USA, individuato super-batterio capace di resistere ad antibiotici vecchi e nuovi

USA, individuato super-batterio capace di resistere ad antibiotici vecchi e nuovi

Roma, 1 settembre – Un batterio Escherichia coli con due geni che lo rendono resistente sia agli antibiotici ad ampio spettro come i carbapenemi sia alla “vecchia” colistina (antimicrobico diventato l’ultima linea di difesa nel trattamento di infezioni causate da batteri Gram-negativi resistenti a molte classi di antibiotici e in particolare da enterobatteri non rispondenti ai carbapenemi) è stato individuato in un paziente americano da un équipe di ricercatori della Rutgers University di Newark (New Jersey).

Ne riferisce un articolo pubblicato da mBio, la rivista on line open-access della American Society for Microbiology.

Il ceppo batterico è stato isolato nel 2014 in un uomo di 76 anni colpito da un’infezione con complicanze del tratto urinario, ma è stato analizzato approfonditamente soltanto nel 2016. Nel microrganismo è stata scoperta la presenza di due geni, Mcr-1 e blaNdm-5, che conferiscono la capacità di resistere il primo alla colistina e il secondo ai carbapenemi.

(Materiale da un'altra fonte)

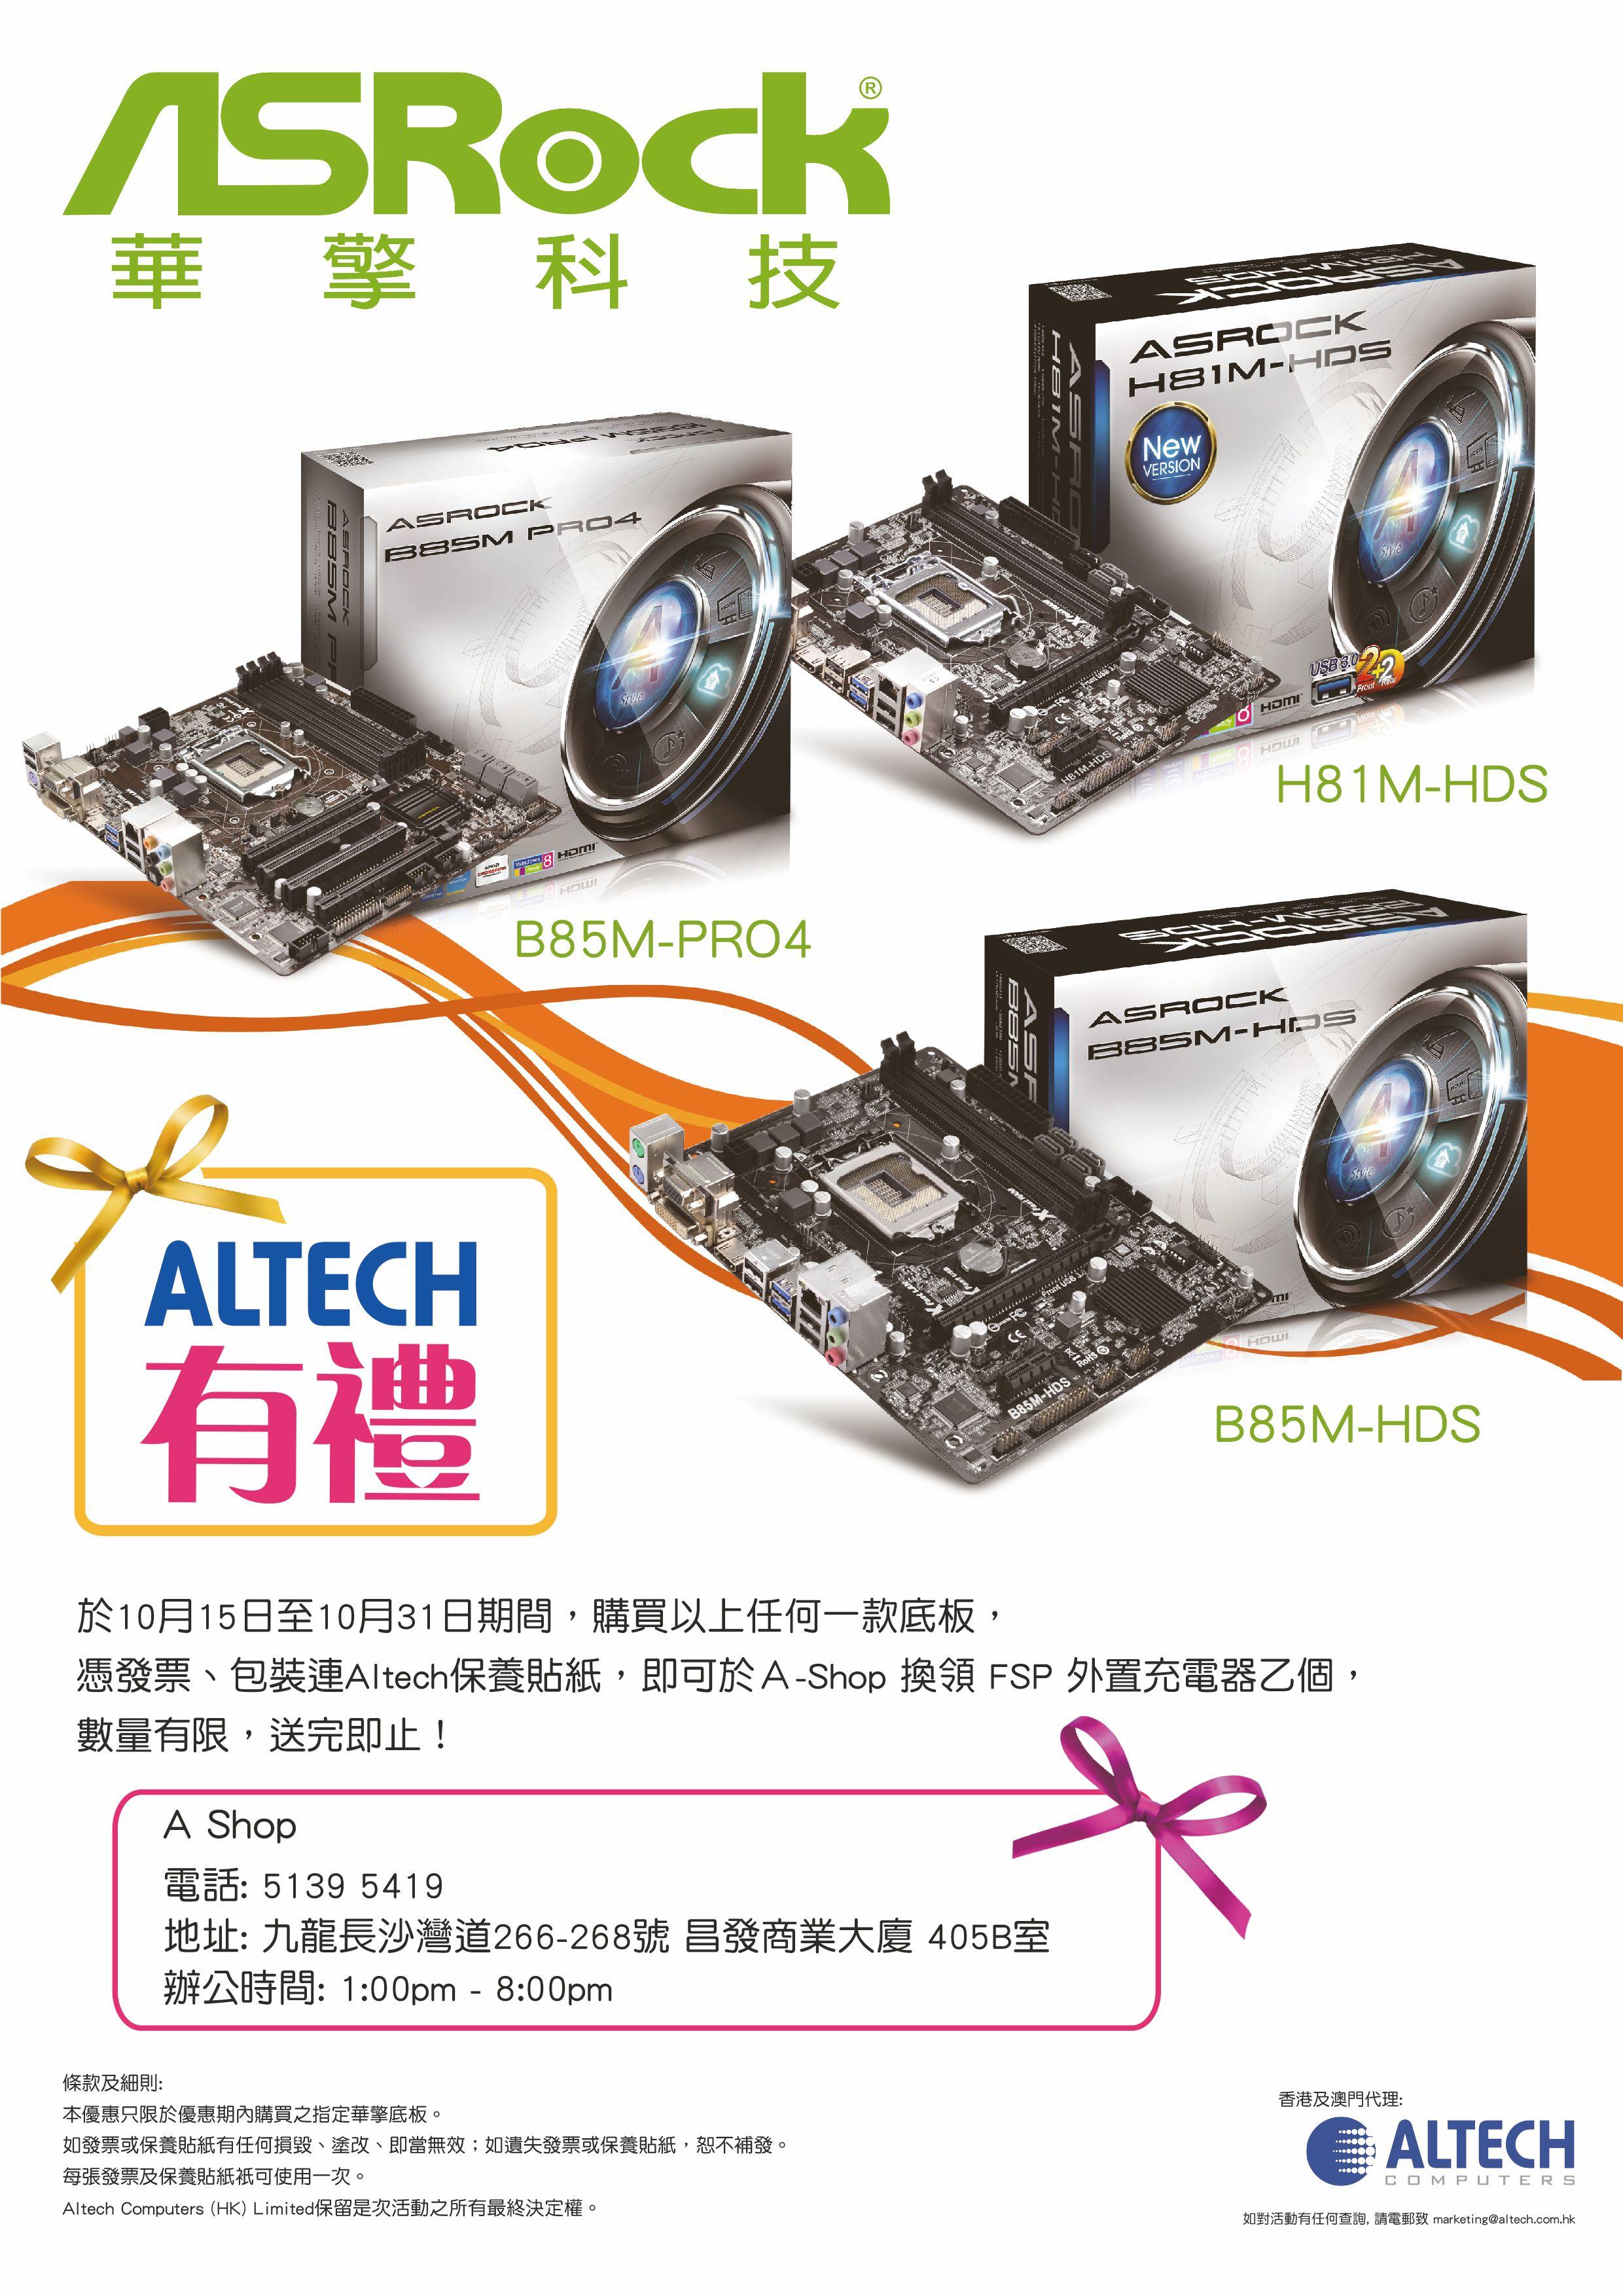 「Altech 有禮」購買 ASRock 主機板 即送你 FSP 外置充電器 - 電腦領域 HKEPC Hardware - 全港 No.1 PC網站

Il batterio in questione ha poi risposto a una terapia con altri agenti antimicrobici e l’infezione è stata trattata con successo, ma la sua individuazione suona come un allarme e, per i ricercatori, rappresenta un esempio della necessità di monitorare e tenere traccia di tutti gli organismi multiresistenti.

La buona notizia è che questo batterio non ha causato grandi epidemie di infezioni farmaco-resistenti“ spiega uno degli autori della ricerca, Barry Kreiswirth. “La cattiva notizia, alla luce del fatto che questa infezione si è verificata due anni fa, è che sicuramente ci sono in giro altri ceppi che non abbiamo ancora individuato, che probabilmente già si trovano nelle nostre comunità.”

“La loro diffusione ulteriore potrebbe portare a una situazione in cui essenzialmente diviene difficile se non impossibile trattare le infezioni urinarie” conclude Kreiswirth. “Gli sforzi di monitoraggio attivo sono indispensabili per determinarne la prevalenza e prevenire la loro diffusione“.